Maybe it’s the challenge of the difficult course, both ascending and descending, the need to get revenge on a previous year’s mechanical failure, or just the dust-and-beer heavy air at the finish.
It’s a special race ” but winning it is almost otherworldly.
More than 700 racers competed Saturday in the sold-out two-day festival, which featured a 29-mile point-to-point cross country race with a 4,413-foot ascent followed by a 5,692-foot descent.
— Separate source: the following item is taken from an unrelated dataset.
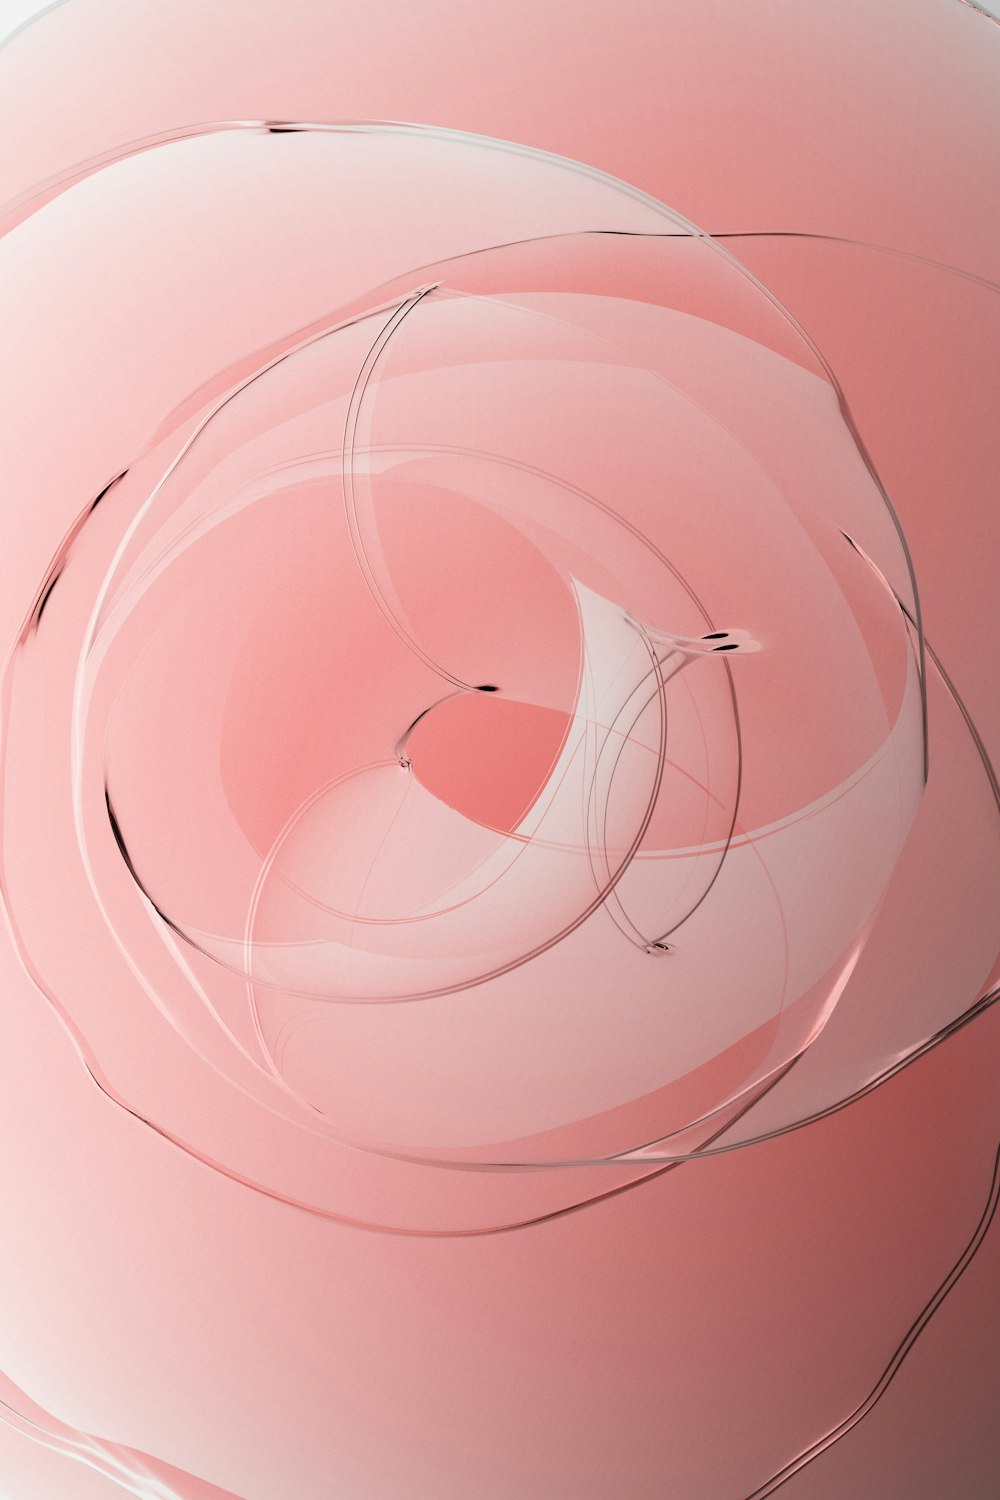 uma imagem gerada por computador de um objeto circular

The main event, Sunday’s Downieville Downhill, featured 5,333 feet of descent and 1,010 feet of climbing.
Among the riders looking for that fleeting moment was Conrad Snover of Truckee, who did manage to take the men’s single-speed division with a time of 2:16.57.
“Downieville is one of the small number of epic races in California,” Snover said. “It’s a super hard, raw mountain bike race. It’s a unique course because it’s straight up, straight down and very technical. But it also has a real festival feel; they close off the streets, you can drink beer afterwards, have fajitas cooked by Chris King and go jump in the river.”
Snover was one of four racers competing on the Truckee-based Cyclepaths/Wild Cherries team at Downieville. Matt Chappell, also from Truckee, placed seventh in the expert men’s 19-35 division with a time of 2:25.28. Justin Thomas of Reno won the men’s pro cross country race with a time of 2:06.11.5, and Forrest Huisman of Reno placed sixth in the single-speed division with a time of 2:30.01.7.
“All four of us had such good results,” Snover said. “I like to joke that we’re all a bunch of ‘has beens’ who used to race seriously, but now we try to focus on having fun and we’re racing well.”
Preparing for the race with the team led to Snover’s success, he said.
“It was very satisfying, a major accomplishment,” Snover said after the race.
Snover, who said he has been bike racing since he was a child, started competing in single-speed events because it was different.
“It makes the same trails fun again,” he said. “You work on momentum and not using your brakes. There’s also a lot of weight on equipment choices.”
Race tactics include picking the right gear to use for the eight-mile climb on exposed fire road, trying to draft off a geared rider on the flat-ish fire road sections and coasting on the downhills. What makes it challenging is riding a hardtail on the loose, rocky descents.
What also makes competing in the division fun is the type of racer it attracts, Snover said.
“It’s a more laid back group,” he said. “Everyone’s friendly and supportive.”
Mario Gallardo of Incline Village, who won the men’s 35-44 expert race with a time of 2:16.58, was equally reverent about the Downieville Downhill.
“It’s the hardest mountain bike race in the country, harder than (mountain bike) nationals,” Gallardo said. “The last true mountain bike race.”
A 13-year veteran of the race, Gallardo said he could not believe it when he won his division for the first time Saturday.
“I was keeping my fingers crossed on Baby Heads. There were so many guys, I was ripping through some really rocky sections but held it together,” he said.
The race came down to a four-man sprint to the finish, where Gallardo edged out fellow Incline racer Scott Vaughan by 35 seconds.
“I was breathless,” Gallardo said when he found out he had won. “I’m so stoked to win that thing. I’ve always dreamed of winning Downieville.”